Recorded data:

================================

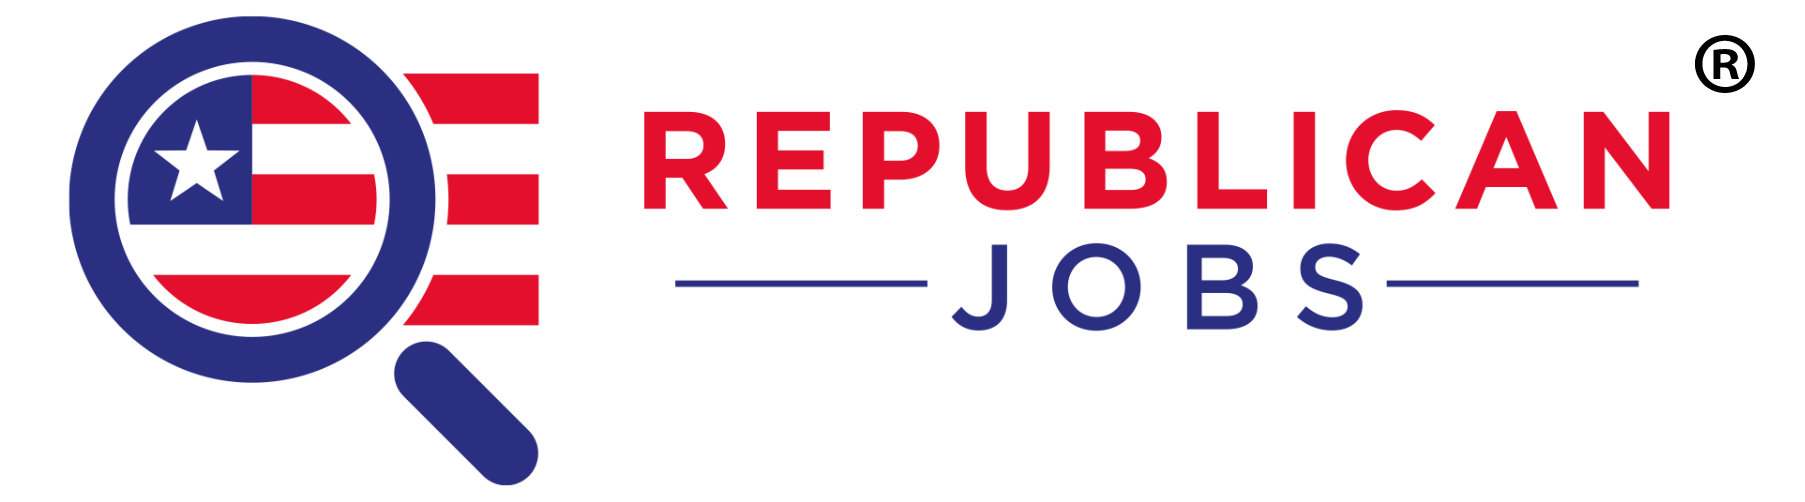 Republican Jobs Logo
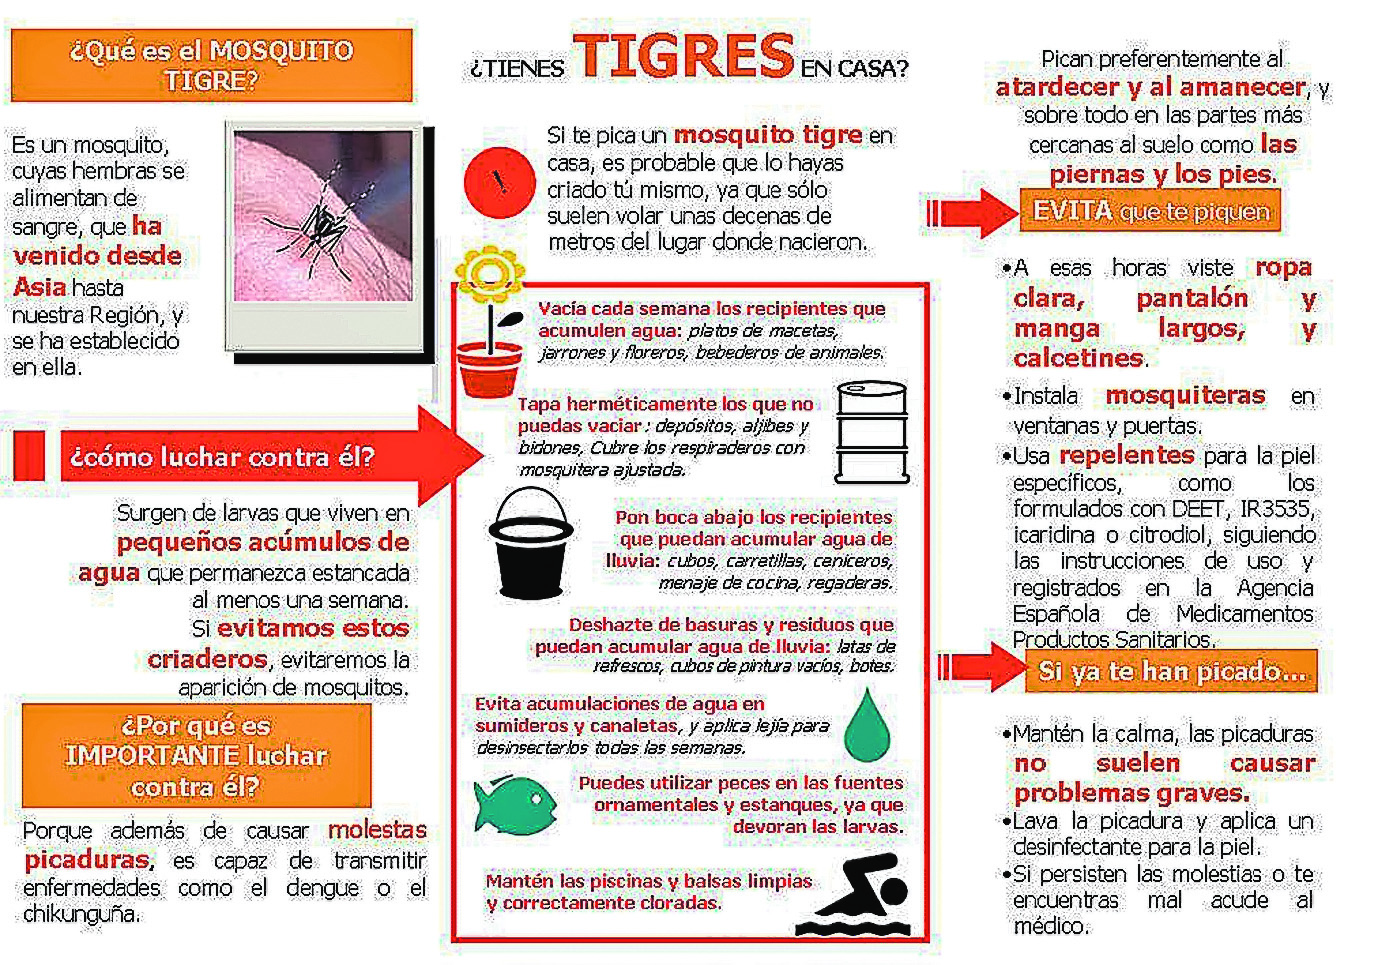 Se solicita la colaboración ciudadana para que no se expanda el mosquito tigre
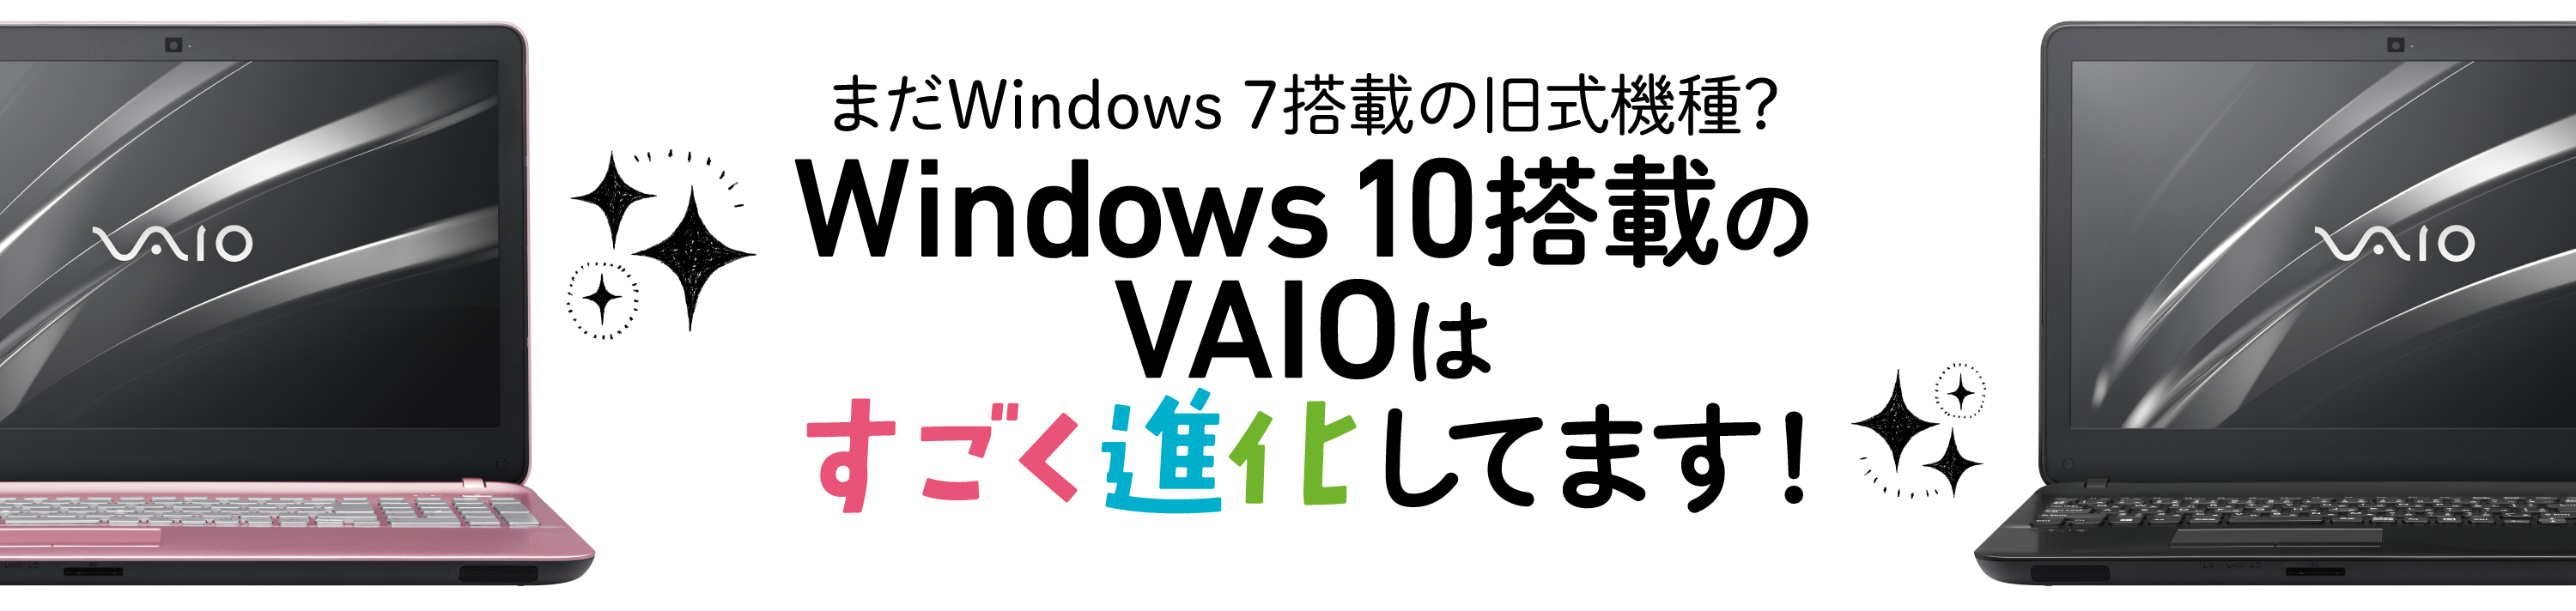 まだWindows７搭載の旧式機種？Windows 10 搭載のVAIOはすごく進化しています！
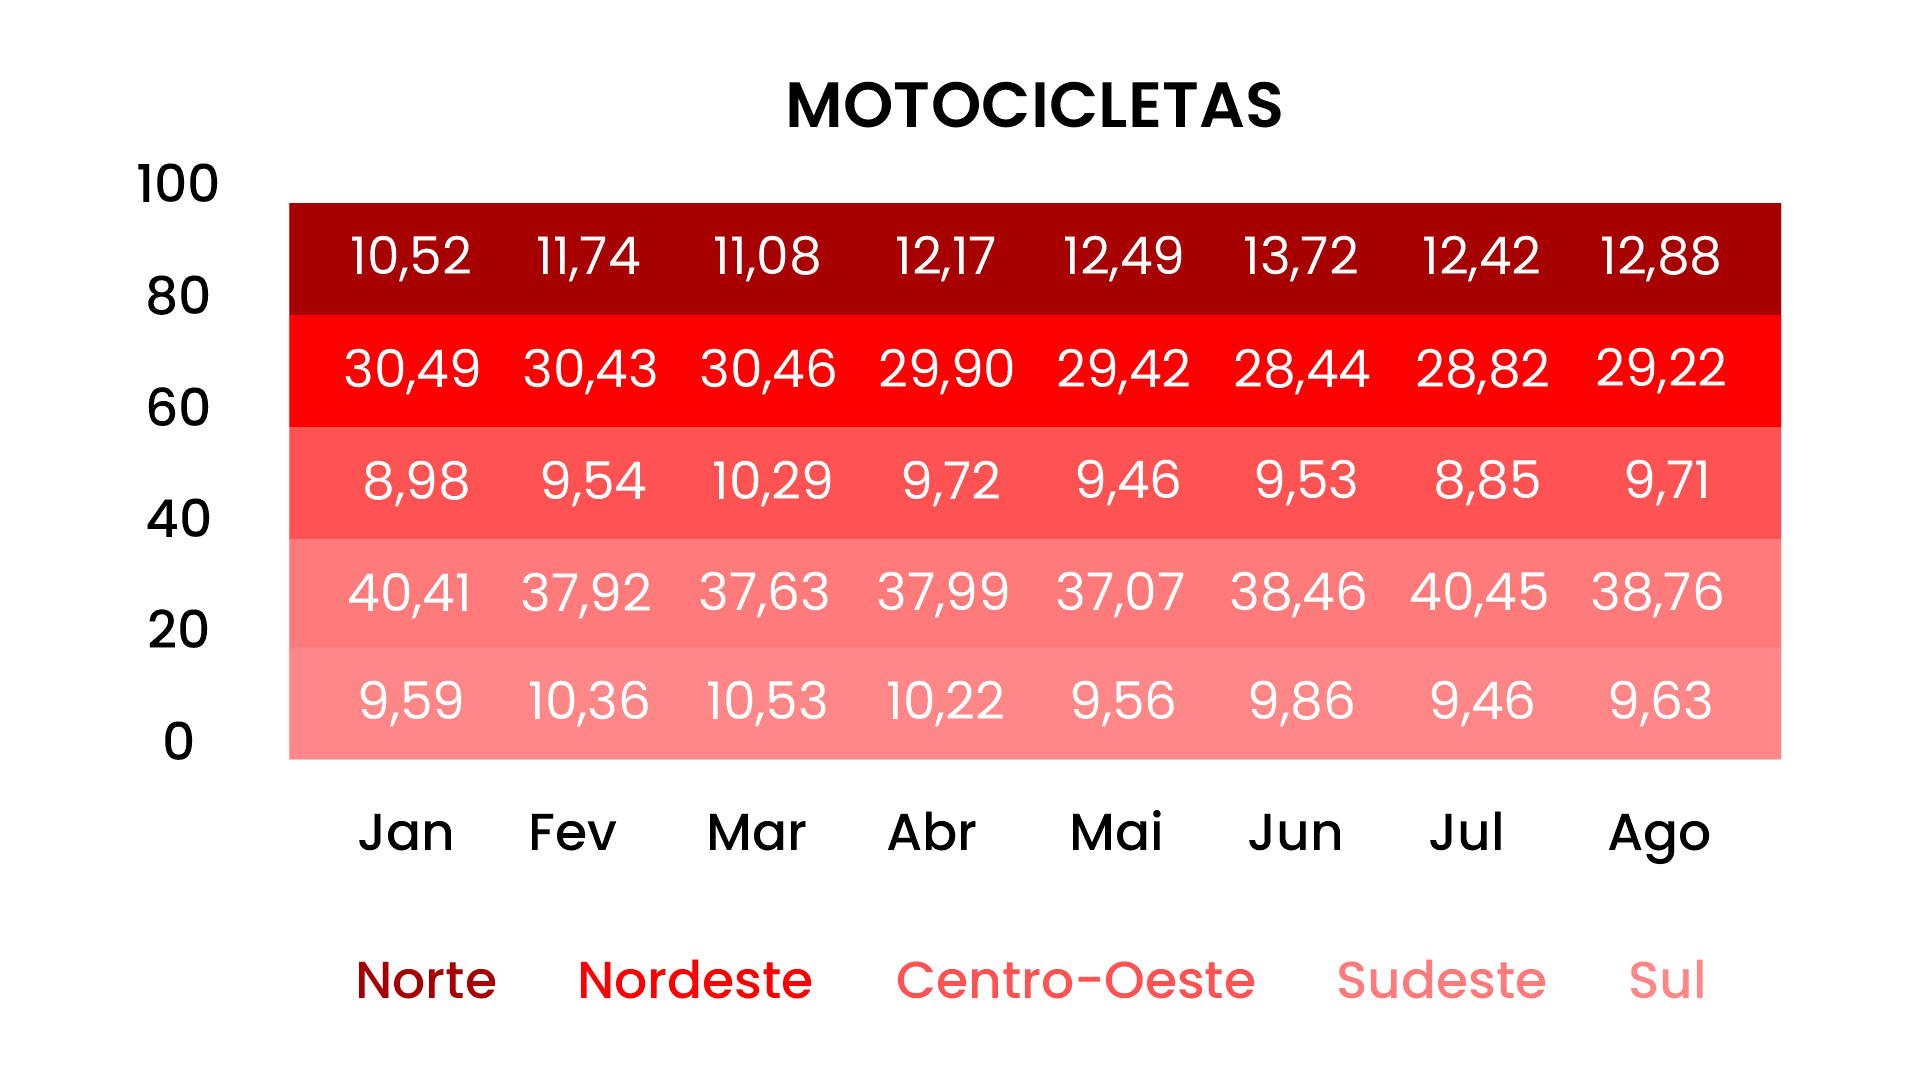 Tabela com o ranking de emplacamento por regiões, com um comparativo entre janeiro e agosto
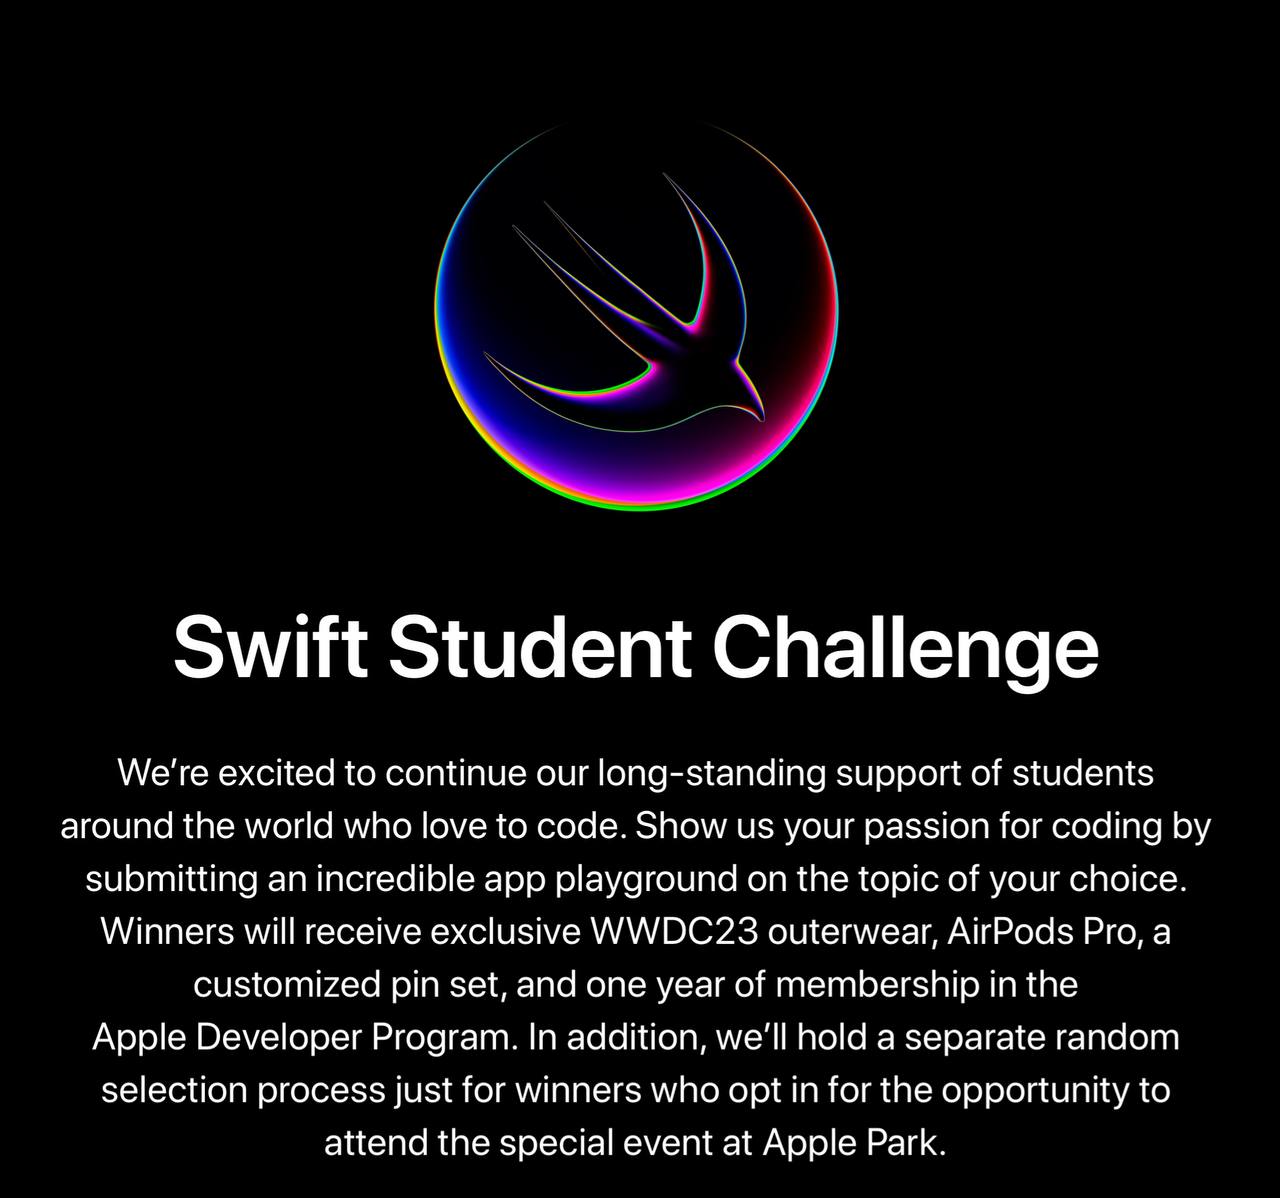 Конкурс для студентов, программирующих на Swift даст шанс выиграть ценные и памятные призы

================================

Each record should appear again exactly as it stands, with no picture included.

**Answer box:**
 Republican Jobs Logo
 Se solicita la colaboración ciudadana para que no se expanda el mosquito tigre
 まだWindows７搭載の旧式機種？Windows 10 搭載のVAIOはすごく進化しています！
 Tabela com o ranking de emplacamento por regiões, com um comparativo entre janeiro e agosto
 Конкурс для студентов, программирующих на Swift даст шанс выиграть ценные и памятные призы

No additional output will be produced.